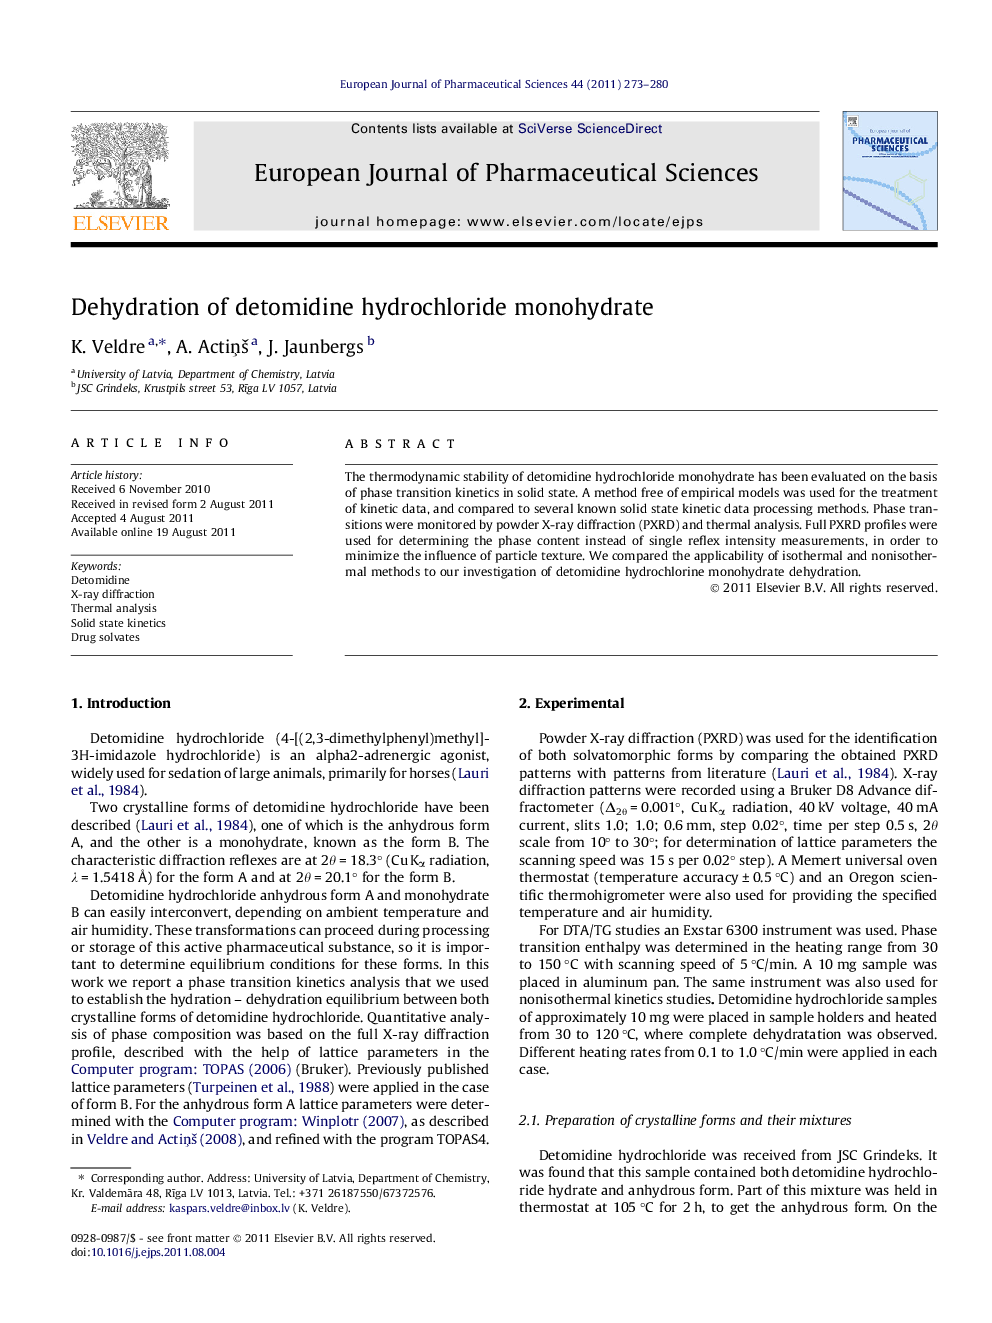 Dehydration of detomidine hydrochloride monohydrate
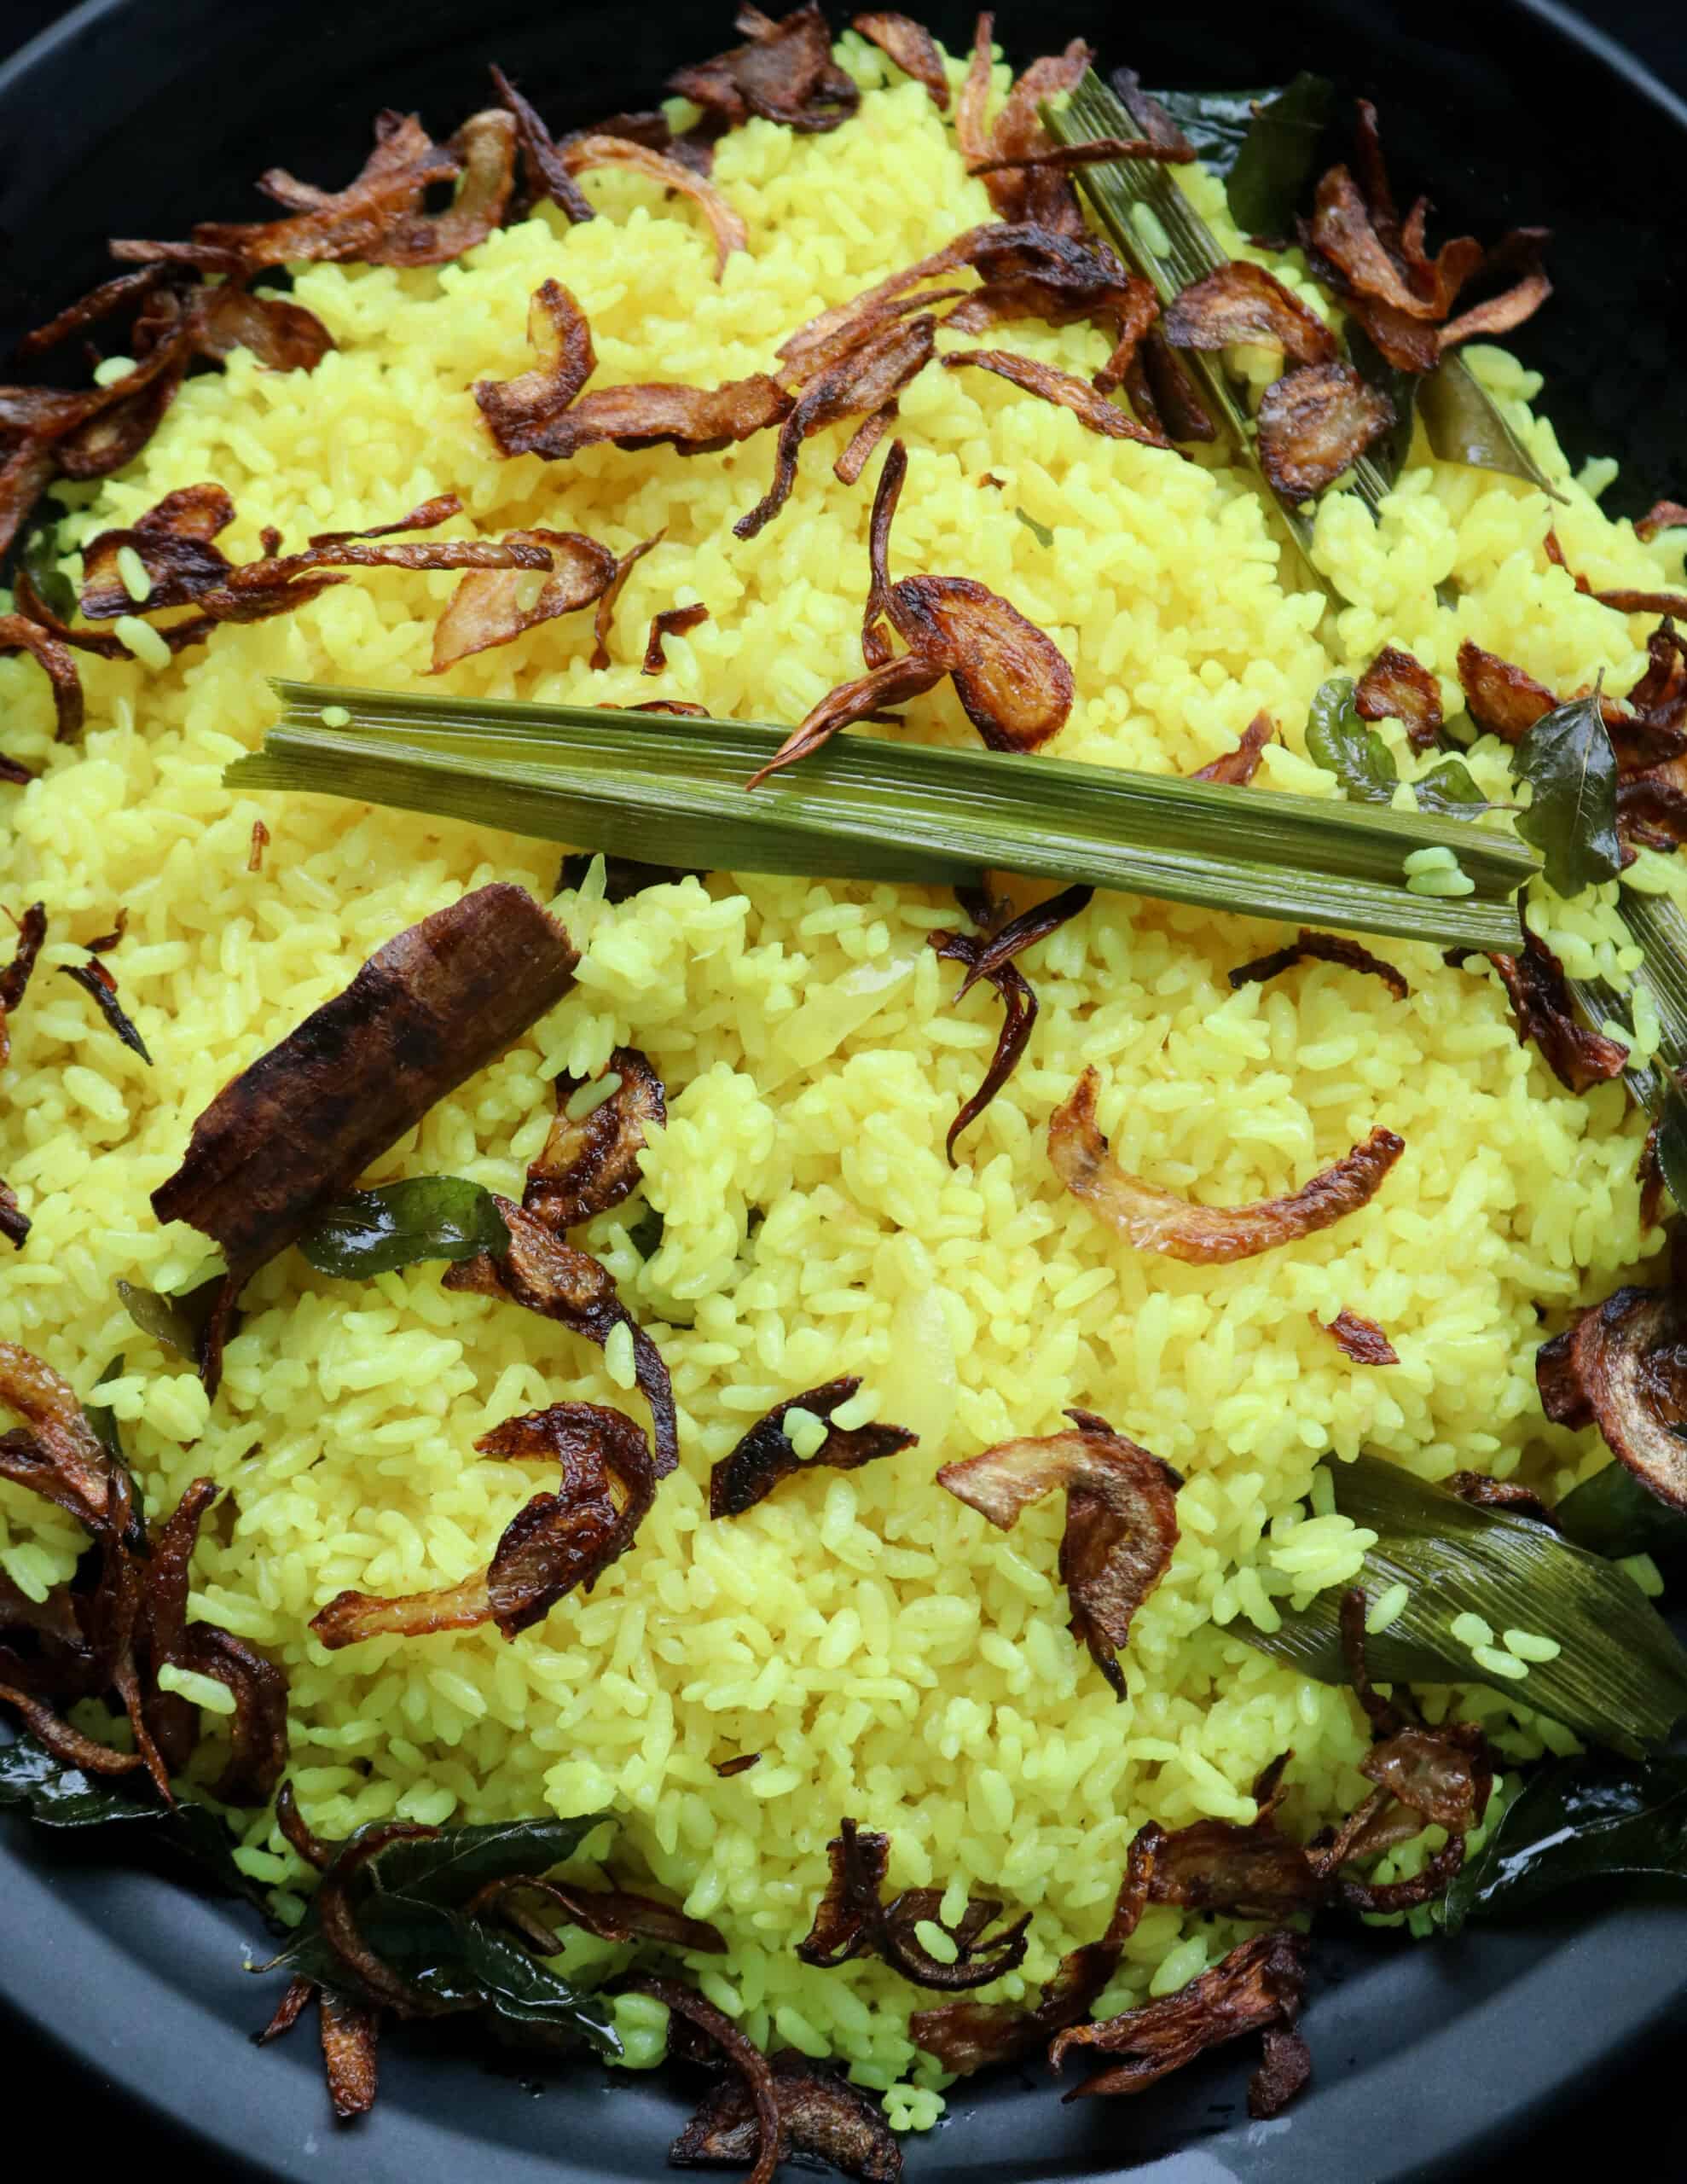 Sri lankan yellow rice or turmeric rice served on a plate
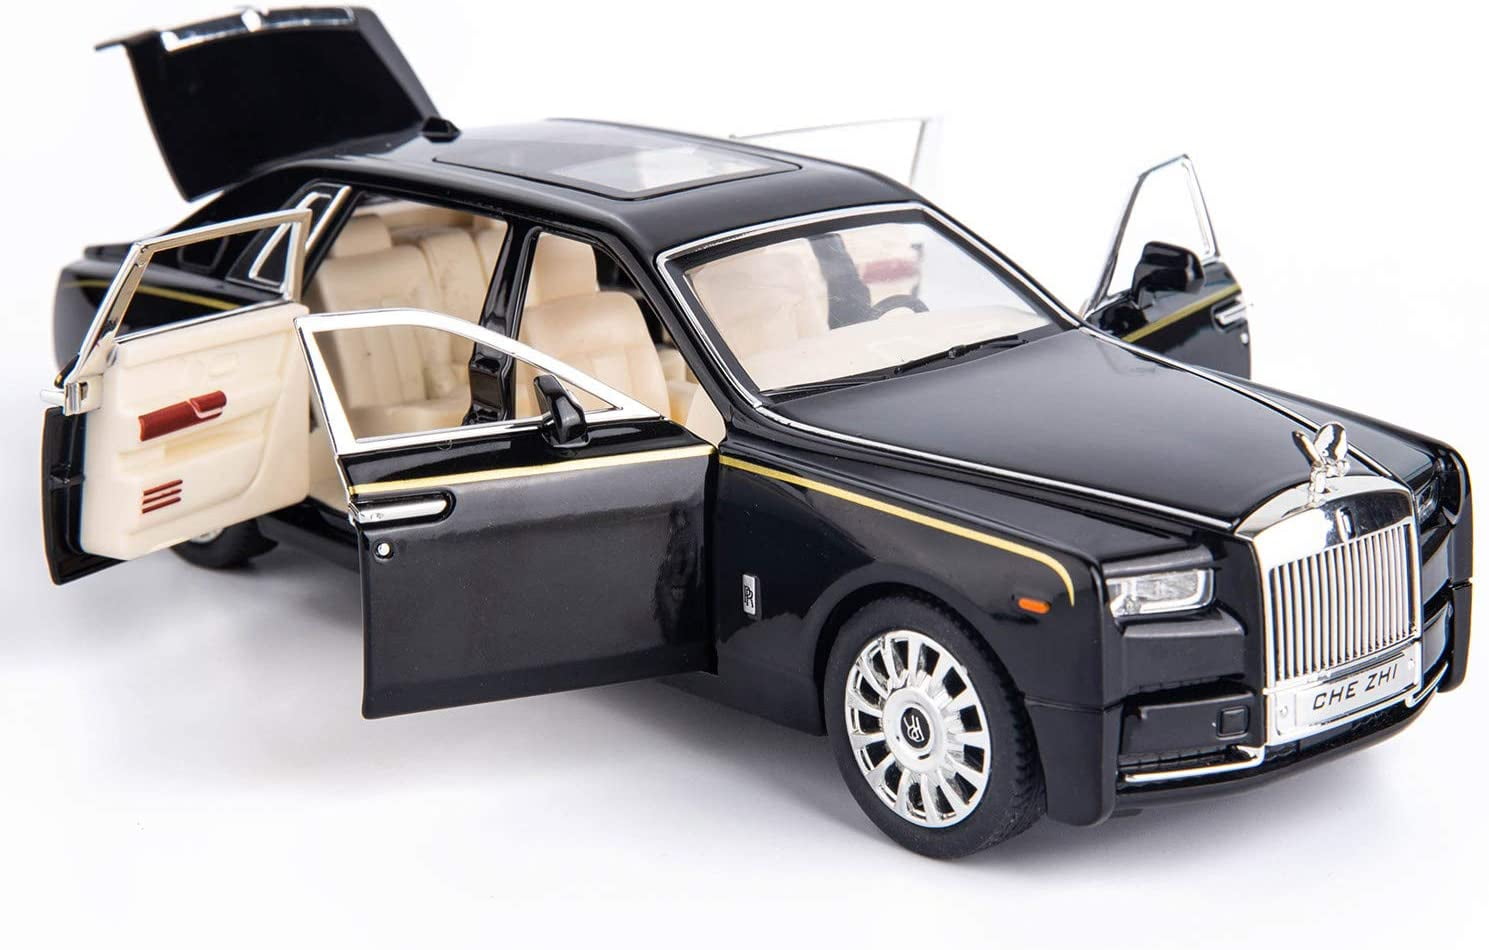 1:24 Rolls Royce Phantom Metal Die cast Model Car Sound Light Pullback Boy Toy

# # # #

Repeat the listing in full and exactly. Do not include any images.

 Dehydration of detomidine hydrochloride monohydrate
 Sri lankan yellow rice or turmeric rice served on a plate
 1:24 Rolls Royce Phantom Metal Die cast Model Car Sound Light Pullback Boy Toy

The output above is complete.